As both the IT budgets and staffs of SMBs grow, so do their use of cloud and hosted services. Spiceworks makes this distinction between the terms, which tend to be used interchangeably. Hosted means a single service on a single dedicated server -- in other words, the customer could walk into the data center and point to their server and say "mine." Cloud services, on the other hand, mean they're spread across multiple shared servers.

Around 28% of SMBs in the survey said they're using cloud services, double the rate reported in a similar survey Spiceworks conducted in mid-2010. The company projected cloud adoption to hit 42% by mid-2011. Web hosting topped the list of cloud services -- 39% of SMBs host their websites in the cloud, with another 14% planning to do so by midyear. Email (32%), backup and recovery (25%), and applications (29%) were also popular.

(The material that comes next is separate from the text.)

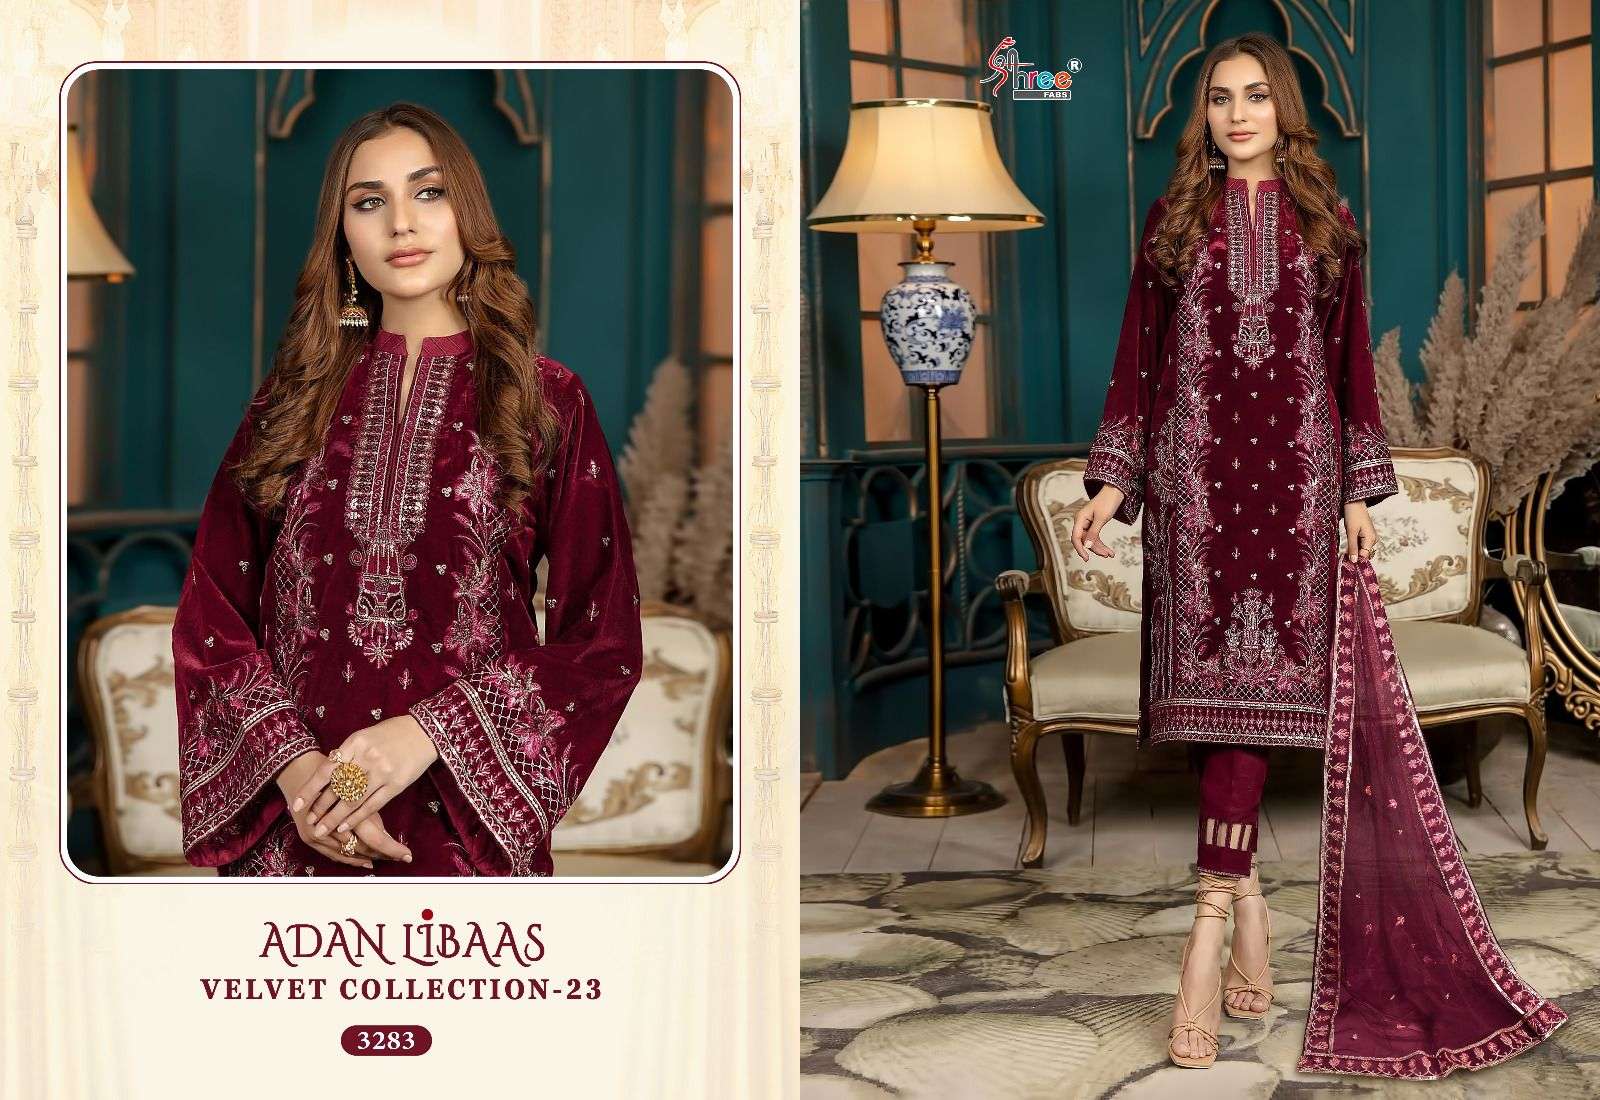 adan libas velvet collection vol-23 by shree fabs 3280-3285 series winter wear salwar kameez catalog wholesale price 
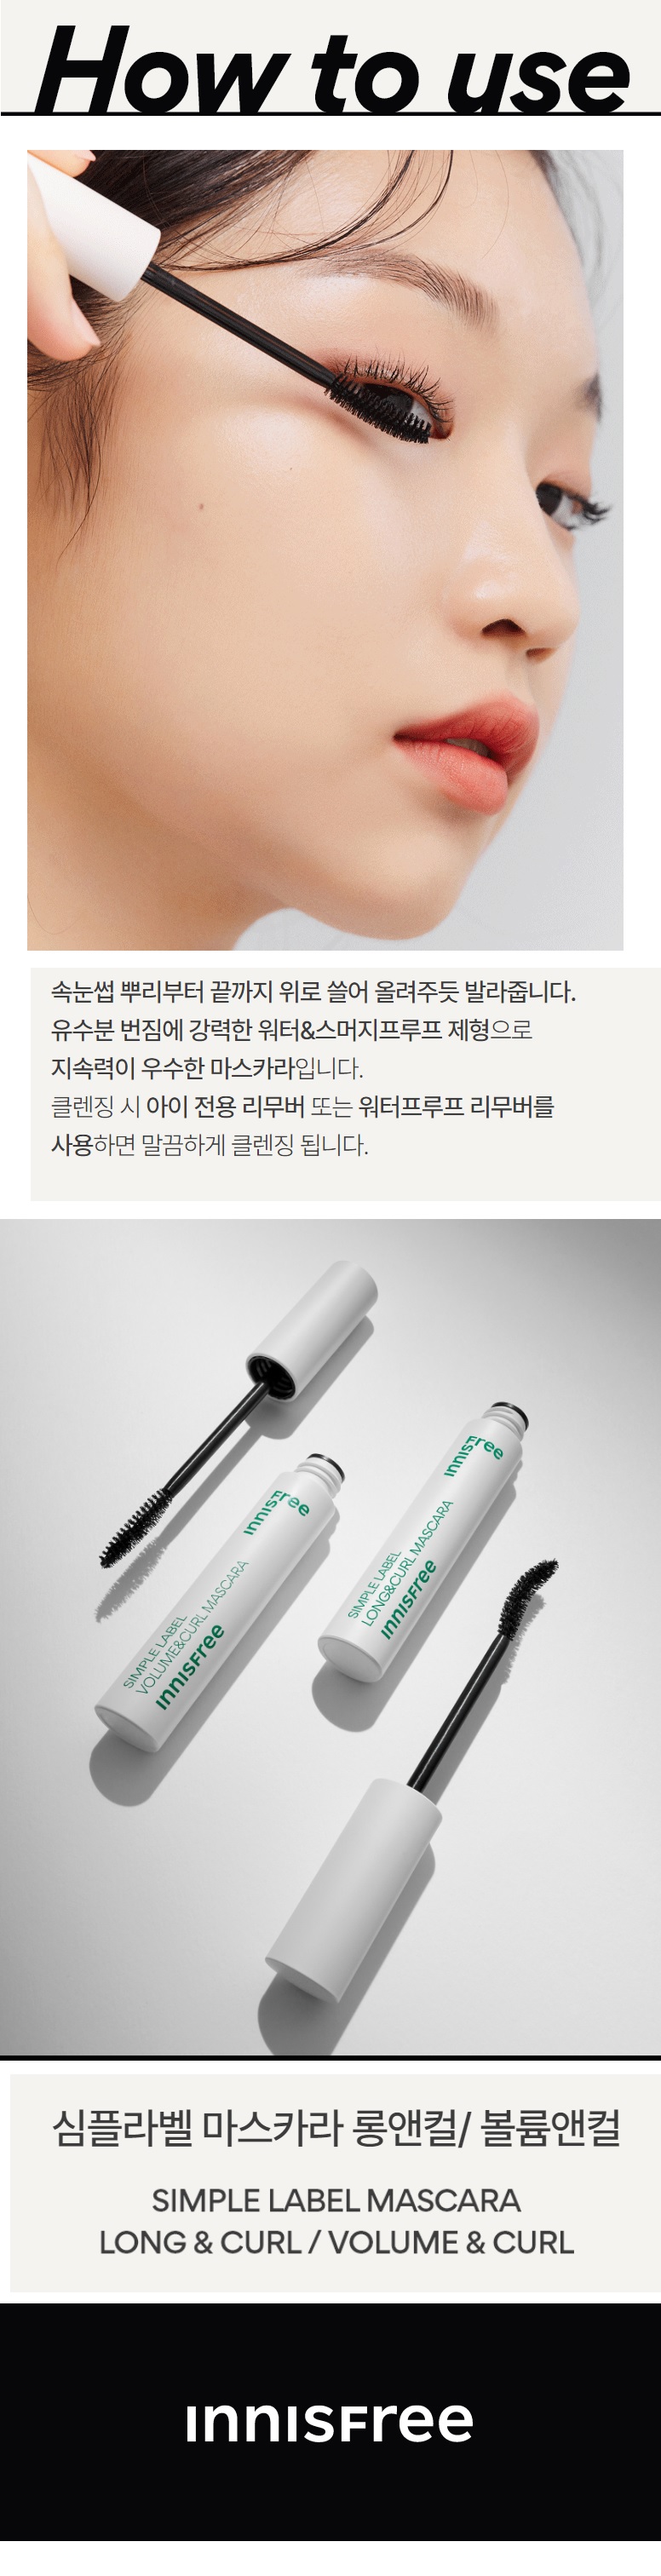 Innisfree Simple Label Mascara korean skincare product online shop malaysia china poland3

Dedicated hosted services, on the other hand, accounted for almost one-fourth of IT budgets. About 65% of SMBs will add, upgrade, or renew hosted services in 2011, according to Spiceworks. Email was a shining star -- two in five SMBs plan to purchase, upgrade, or renew hosted service this year.

With additional human and financial resources in the fold, SMBs are also embarking on virtualization projects in greater numbers, with 54% reporting some form of virtualization already in production and another 20% planning to deploy the technology by the middle of 2011. The current adoption rate represents only a small uptick from a similar poll in mid-2010, but Nitka noted that at the time 68% of respondents had said their environment would be at least partially virtualized by the end of last year.

"More people were planning on using it, but they just either never got around to it or their budgets didn't permit them do it," Nitka said. "The planned use of virtualization being at 74% reflects both people who are new to virtualization as well as that pent-up demand."

The Spiceworks survey included 3,000 IT professionals worldwide at companies with fewer than 1,000 employees. The average IT staff size among respondents was three full-time people. Nitka said that increasing adoption of cloud and hosted services -- as well as the apparent rise in part-time IT hiring -- points to SMB owners and managers who are ready to invest in new technologies but worried about knowledge gaps and overstaffing.

"That shows to us a deeper level of awareness and expertise [among SMBs] in saying: 'I want to tightly manage my IT environment in such a fashion that I'm not overstaffed and at risk of being a glut on the business,'" Nitka said.